Hou Tao <houtao@xxxxxxxxxxxxxxx> · Thu, 21 Dec 2023 16:42:15 +0800



Hi,

On 12/21/2023 3:52 PM, Yonghong Song wrote:
>
> On 12/20/23 11:16 PM, Yonghong Song wrote:
>>
>> On 12/20/23 10:26 PM, Hou Tao wrote:
>>> Hi,
>>>
>>> On 12/21/2023 1:00 PM, Yonghong Song wrote:
>>>> Commit 41a5db8d8161 ("Add support for non-fix-size percpu mem
>>>> allocation")
>>>> added support for non-fix-size percpu memory allocation.
>>>> Such allocation will allocate percpu memory for all buckets on all
>>>> cpus and the memory consumption is in the order to quadratic.

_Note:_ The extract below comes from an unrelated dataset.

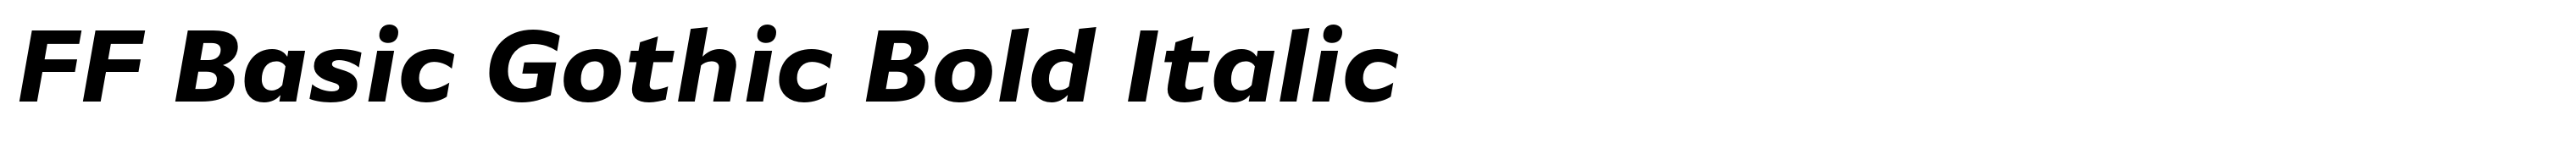 FF Basic Gothic Bold Italic

>>>> For example, let us say, 4 cpus, unit size 16 bytes, so each
>>>> cpu has 16 * 4 = 64 bytes, with 4 cpus, total will be 64 * 4 = 256
>>>> bytes.
>>>> Then let us say, 8 cpus with the same unit size, each cpu
>>>> has 16 * 8 = 128 bytes, with 8 cpus, total will be 128 * 8 = 1024
>>>> bytes.
>>>> So if the number of cpus doubles, the number of memory consumption
>>>> will be 4 times. So for a system with large number of cpus, the
>>>> memory consumption goes up quickly with quadratic order.

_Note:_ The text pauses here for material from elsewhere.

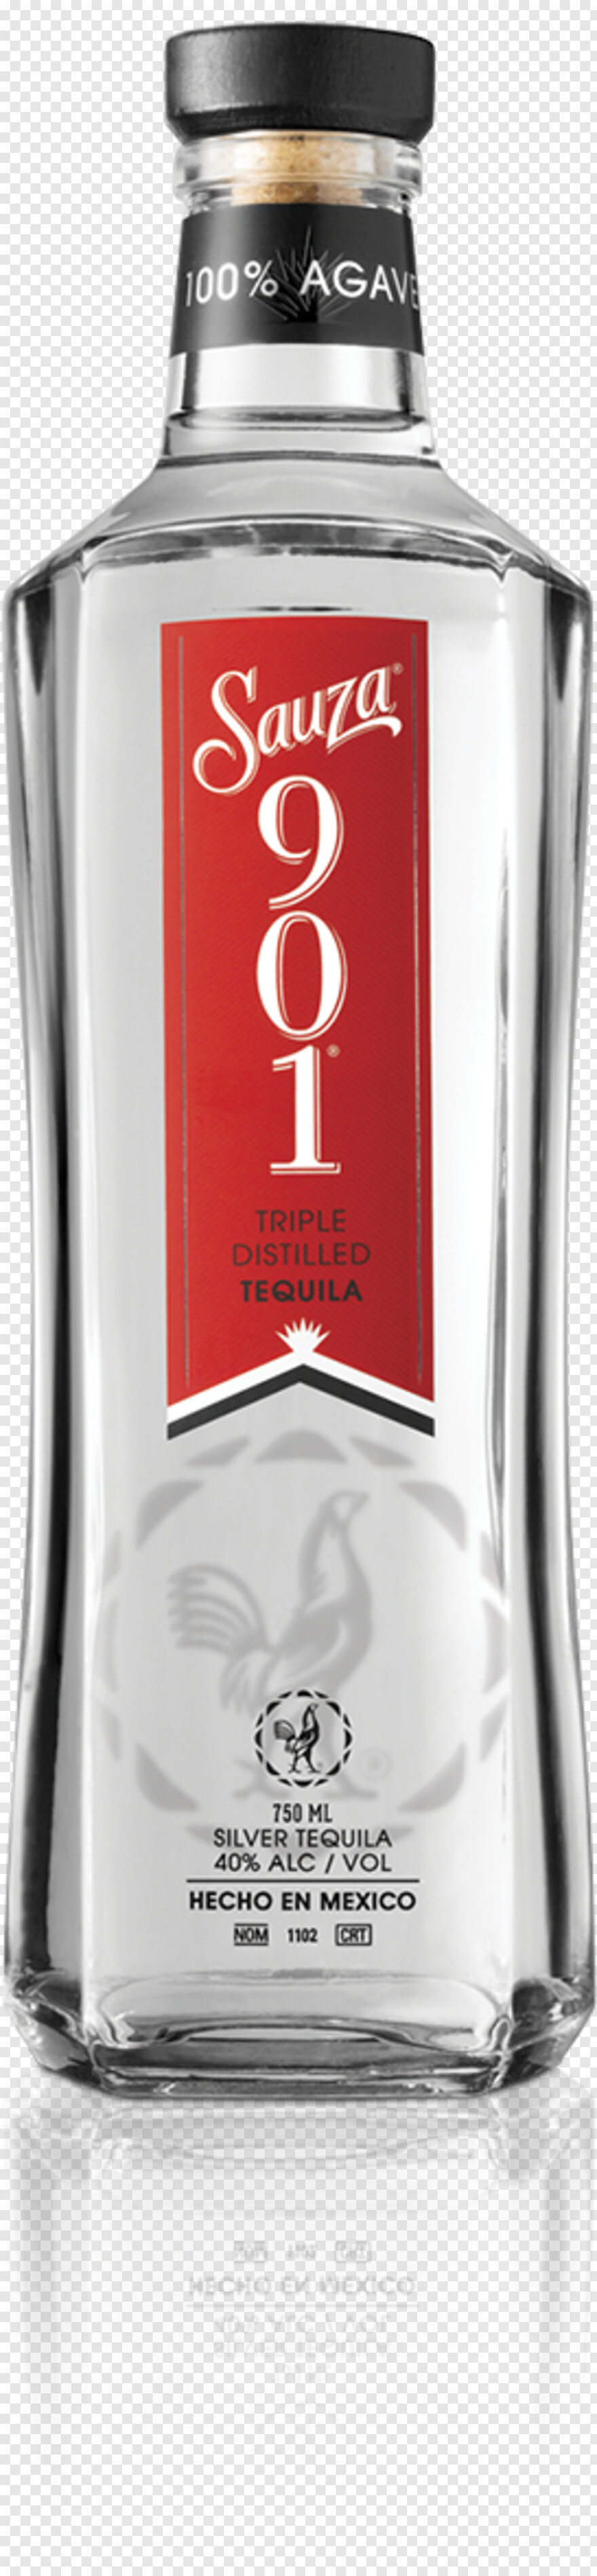 tequila-bottle # 376638

>>>> For example, for 4KB percpu allocation, 128 cpus. The total memory
>>>> consumption will 4KB * 128 * 128 = 64MB. Things will become
>>>> worse if the number of cpus is bigger (e.g., 512, 1024, etc.)
>>>>
>>>> In Commit 41a5db8d8161, the non-fix-size percpu memory allocation is
>>>> done in boot time, so for system with large number of cpus, the
>>>> initial
>>>> percpu memory consumption is very visible. For example, for 128 cpu
>>>> system, the total percpu memory allocation will be at least
>>>> (16 + 32 + 64 + 96 + 128 + 196 + 256 + 512 + 1024 + 2048 + 4096)

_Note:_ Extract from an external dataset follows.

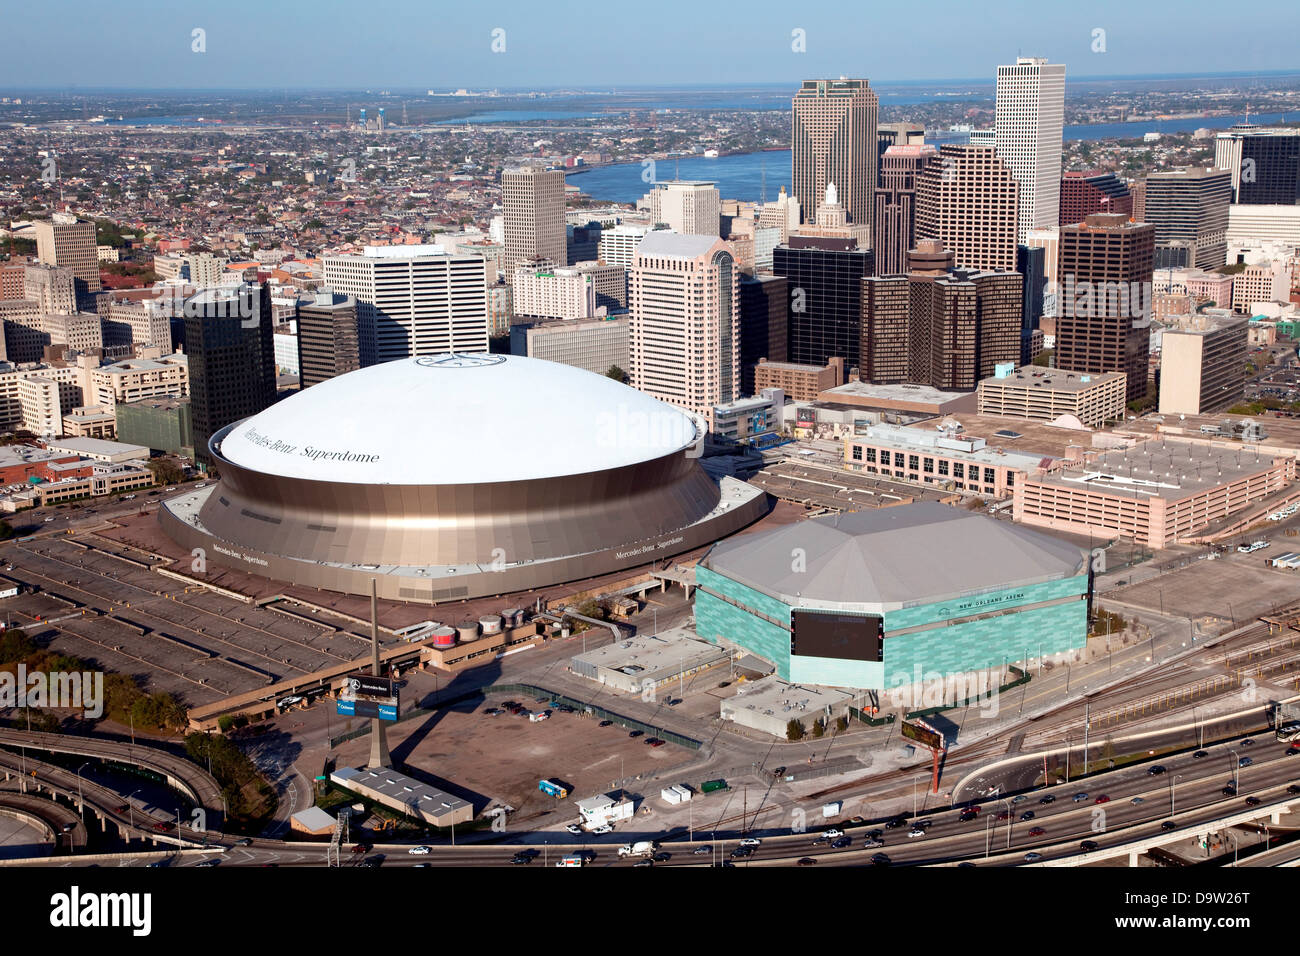 Die Innenstadt Von New Orleans Louisiana Aus Der Vogelperspektive Mit Dem Mercedes Benz Superdome Und New Orleans Arena Im Vordergrund Stockfotografie Alamy

>>>>    * 128 * 128 = ~138MB.
>>>> which is pretty big. It will be even bigger for larger number of cpus.
>>> SNIP
>>>> +
>>>>   static void drain_mem_cache(struct bpf_mem_cache *c)
>>>>   {
>>>>       bool percpu = !!c->percpu_size;
>>>> diff --git a/kernel/bpf/verifier.c b/kernel/bpf/verifier.c
>>>> index f13008d27f35..08f9a49cc11c 100644
>>>> --- a/kernel/bpf/verifier.c
>>>> +++ b/kernel/bpf/verifier.c
>>>> @@ -12141,20 +12141,6 @@ static int check_kfunc_call(struct
>>>> bpf_verifier_env *env, struct bpf_insn *insn,
>>>>                   if (meta.func_id ==
>>>> special_kfunc_list[KF_bpf_obj_new_impl] && !bpf_global_ma_set)
>>>>                       return -ENOMEM;
>>>>   -                if (meta.func_id ==
>>>> special_kfunc_list[KF_bpf_percpu_obj_new_impl]) {
>>>> -                    if (!bpf_global_percpu_ma_set) {
>>>> -                        mutex_lock(&bpf_percpu_ma_lock);
>>>> -                        if (!bpf_global_percpu_ma_set) {
>>>> -                            err =
>>>> bpf_mem_alloc_init(&bpf_global_percpu_ma, 0, true);
>>>> -                            if (!err)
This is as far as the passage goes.